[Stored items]
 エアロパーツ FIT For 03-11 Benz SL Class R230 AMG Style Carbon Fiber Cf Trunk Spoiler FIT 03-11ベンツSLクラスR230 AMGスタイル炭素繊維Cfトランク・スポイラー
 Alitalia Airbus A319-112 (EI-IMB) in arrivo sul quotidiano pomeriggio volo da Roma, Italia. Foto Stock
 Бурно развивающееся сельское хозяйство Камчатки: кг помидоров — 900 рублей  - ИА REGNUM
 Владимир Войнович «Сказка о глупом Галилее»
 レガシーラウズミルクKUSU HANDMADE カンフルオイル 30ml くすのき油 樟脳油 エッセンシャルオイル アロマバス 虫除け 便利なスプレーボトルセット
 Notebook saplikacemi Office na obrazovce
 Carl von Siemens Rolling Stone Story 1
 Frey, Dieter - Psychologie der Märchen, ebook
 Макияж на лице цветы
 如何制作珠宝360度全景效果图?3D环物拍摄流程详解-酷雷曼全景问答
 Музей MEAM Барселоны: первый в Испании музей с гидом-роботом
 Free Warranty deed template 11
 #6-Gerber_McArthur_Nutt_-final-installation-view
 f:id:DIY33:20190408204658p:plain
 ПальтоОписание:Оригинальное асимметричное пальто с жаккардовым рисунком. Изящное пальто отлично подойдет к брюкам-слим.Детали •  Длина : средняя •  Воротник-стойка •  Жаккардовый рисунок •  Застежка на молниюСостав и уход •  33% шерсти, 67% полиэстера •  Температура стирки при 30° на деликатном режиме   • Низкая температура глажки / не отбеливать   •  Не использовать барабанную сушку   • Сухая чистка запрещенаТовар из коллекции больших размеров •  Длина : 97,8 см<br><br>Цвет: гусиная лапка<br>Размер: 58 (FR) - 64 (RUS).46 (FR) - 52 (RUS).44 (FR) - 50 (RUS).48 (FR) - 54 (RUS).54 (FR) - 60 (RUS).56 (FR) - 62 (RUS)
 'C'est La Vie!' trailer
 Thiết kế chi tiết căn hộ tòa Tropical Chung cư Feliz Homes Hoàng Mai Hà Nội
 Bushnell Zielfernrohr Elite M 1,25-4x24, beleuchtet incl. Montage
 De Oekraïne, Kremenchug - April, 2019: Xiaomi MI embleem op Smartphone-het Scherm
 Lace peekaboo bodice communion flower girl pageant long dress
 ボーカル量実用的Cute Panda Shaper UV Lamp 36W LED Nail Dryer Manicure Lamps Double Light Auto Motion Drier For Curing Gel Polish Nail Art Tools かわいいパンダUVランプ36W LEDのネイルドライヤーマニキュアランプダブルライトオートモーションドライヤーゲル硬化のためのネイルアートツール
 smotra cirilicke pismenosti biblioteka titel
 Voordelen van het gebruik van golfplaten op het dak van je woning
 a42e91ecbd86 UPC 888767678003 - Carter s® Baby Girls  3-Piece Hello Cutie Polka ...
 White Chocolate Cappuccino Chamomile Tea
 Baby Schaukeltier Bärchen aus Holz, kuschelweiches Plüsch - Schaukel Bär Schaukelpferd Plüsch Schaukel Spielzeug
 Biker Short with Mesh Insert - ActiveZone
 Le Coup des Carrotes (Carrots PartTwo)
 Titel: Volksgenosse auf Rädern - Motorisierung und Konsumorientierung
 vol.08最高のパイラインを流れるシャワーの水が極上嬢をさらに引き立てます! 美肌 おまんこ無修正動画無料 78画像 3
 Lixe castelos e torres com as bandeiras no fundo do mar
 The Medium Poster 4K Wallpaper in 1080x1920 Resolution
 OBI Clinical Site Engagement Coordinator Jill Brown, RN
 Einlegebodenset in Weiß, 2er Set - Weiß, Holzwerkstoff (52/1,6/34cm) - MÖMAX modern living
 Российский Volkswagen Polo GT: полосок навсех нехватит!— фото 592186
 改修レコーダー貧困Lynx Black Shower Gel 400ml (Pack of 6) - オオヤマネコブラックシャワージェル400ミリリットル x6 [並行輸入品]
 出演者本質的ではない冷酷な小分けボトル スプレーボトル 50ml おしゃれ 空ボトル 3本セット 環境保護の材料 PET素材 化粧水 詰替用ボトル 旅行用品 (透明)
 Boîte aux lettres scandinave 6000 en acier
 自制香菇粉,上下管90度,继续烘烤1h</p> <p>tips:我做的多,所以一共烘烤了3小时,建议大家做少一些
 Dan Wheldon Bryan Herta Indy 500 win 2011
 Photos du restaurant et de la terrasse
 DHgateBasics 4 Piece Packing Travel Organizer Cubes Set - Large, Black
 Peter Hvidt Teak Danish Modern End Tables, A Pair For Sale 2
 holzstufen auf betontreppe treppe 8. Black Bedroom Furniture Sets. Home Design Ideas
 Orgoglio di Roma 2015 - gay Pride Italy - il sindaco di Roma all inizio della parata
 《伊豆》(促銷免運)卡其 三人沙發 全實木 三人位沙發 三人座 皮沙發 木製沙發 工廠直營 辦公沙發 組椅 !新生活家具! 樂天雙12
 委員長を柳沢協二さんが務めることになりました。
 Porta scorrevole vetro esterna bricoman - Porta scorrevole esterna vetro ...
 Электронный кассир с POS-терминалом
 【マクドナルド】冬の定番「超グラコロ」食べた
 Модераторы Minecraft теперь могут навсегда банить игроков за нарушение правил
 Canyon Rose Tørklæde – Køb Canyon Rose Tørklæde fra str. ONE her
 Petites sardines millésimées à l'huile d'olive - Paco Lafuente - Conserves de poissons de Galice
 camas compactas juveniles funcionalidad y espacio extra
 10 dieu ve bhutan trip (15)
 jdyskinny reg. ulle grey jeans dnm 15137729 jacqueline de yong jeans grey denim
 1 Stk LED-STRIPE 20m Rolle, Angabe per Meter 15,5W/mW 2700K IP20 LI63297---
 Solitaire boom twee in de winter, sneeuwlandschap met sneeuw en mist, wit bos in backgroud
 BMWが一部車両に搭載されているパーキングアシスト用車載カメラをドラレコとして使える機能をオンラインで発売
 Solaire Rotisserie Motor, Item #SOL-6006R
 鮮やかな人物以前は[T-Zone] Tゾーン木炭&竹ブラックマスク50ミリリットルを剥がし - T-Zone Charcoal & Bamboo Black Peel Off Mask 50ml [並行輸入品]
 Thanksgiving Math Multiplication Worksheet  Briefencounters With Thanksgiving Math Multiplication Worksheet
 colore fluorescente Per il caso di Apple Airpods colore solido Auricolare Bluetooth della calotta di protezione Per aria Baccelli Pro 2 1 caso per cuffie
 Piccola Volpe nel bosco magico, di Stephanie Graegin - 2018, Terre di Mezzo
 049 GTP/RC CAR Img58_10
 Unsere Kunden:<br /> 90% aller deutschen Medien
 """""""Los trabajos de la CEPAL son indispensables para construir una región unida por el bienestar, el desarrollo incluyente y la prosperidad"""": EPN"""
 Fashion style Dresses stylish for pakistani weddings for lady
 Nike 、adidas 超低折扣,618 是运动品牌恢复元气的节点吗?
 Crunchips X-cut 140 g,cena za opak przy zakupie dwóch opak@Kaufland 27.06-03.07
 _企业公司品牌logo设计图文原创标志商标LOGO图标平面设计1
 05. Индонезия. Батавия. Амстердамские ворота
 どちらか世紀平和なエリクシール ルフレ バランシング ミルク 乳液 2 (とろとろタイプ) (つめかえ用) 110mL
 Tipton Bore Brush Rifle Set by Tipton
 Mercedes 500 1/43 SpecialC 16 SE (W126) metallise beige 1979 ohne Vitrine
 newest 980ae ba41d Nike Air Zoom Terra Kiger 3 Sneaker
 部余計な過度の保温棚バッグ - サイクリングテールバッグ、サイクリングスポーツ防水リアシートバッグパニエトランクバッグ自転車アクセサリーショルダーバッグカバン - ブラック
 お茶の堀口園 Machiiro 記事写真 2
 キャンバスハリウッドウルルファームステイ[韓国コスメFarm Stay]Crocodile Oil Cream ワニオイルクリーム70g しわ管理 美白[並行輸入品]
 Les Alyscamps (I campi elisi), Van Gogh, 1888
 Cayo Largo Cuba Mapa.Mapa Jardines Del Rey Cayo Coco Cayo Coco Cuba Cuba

[TASK REQUIREMENTS] Only the lines from the one with "trabajos de la" through the end of the records above are to be copied, exactly as written.

[RESPONSE BOX]
 """""""Los trabajos de la CEPAL son indispensables para construir una región unida por el bienestar, el desarrollo incluyente y la prosperidad"""": EPN"""
 Fashion style Dresses stylish for pakistani weddings for lady
 Nike 、adidas 超低折扣,618 是运动品牌恢复元气的节点吗?
 Crunchips X-cut 140 g,cena za opak przy zakupie dwóch opak@Kaufland 27.06-03.07
 _企业公司品牌logo设计图文原创标志商标LOGO图标平面设计1
 05. Индонезия. Батавия. Амстердамские ворота
 どちらか世紀平和なエリクシール ルフレ バランシング ミルク 乳液 2 (とろとろタイプ) (つめかえ用) 110mL
 Tipton Bore Brush Rifle Set by Tipton
 Mercedes 500 1/43 SpecialC 16 SE (W126) metallise beige 1979 ohne Vitrine
 newest 980ae ba41d Nike Air Zoom Terra Kiger 3 Sneaker
 部余計な過度の保温棚バッグ - サイクリングテールバッグ、サイクリングスポーツ防水リアシートバッグパニエトランクバッグ自転車アクセサリーショルダーバッグカバン - ブラック
 お茶の堀口園 Machiiro 記事写真 2
 キャンバスハリウッドウルルファームステイ[韓国コスメFarm Stay]Crocodile Oil Cream ワニオイルクリーム70g しわ管理 美白[並行輸入品]
 Les Alyscamps (I campi elisi), Van Gogh, 1888
 Cayo Largo Cuba Mapa.Mapa Jardines Del Rey Cayo Coco Cayo Coco Cuba Cuba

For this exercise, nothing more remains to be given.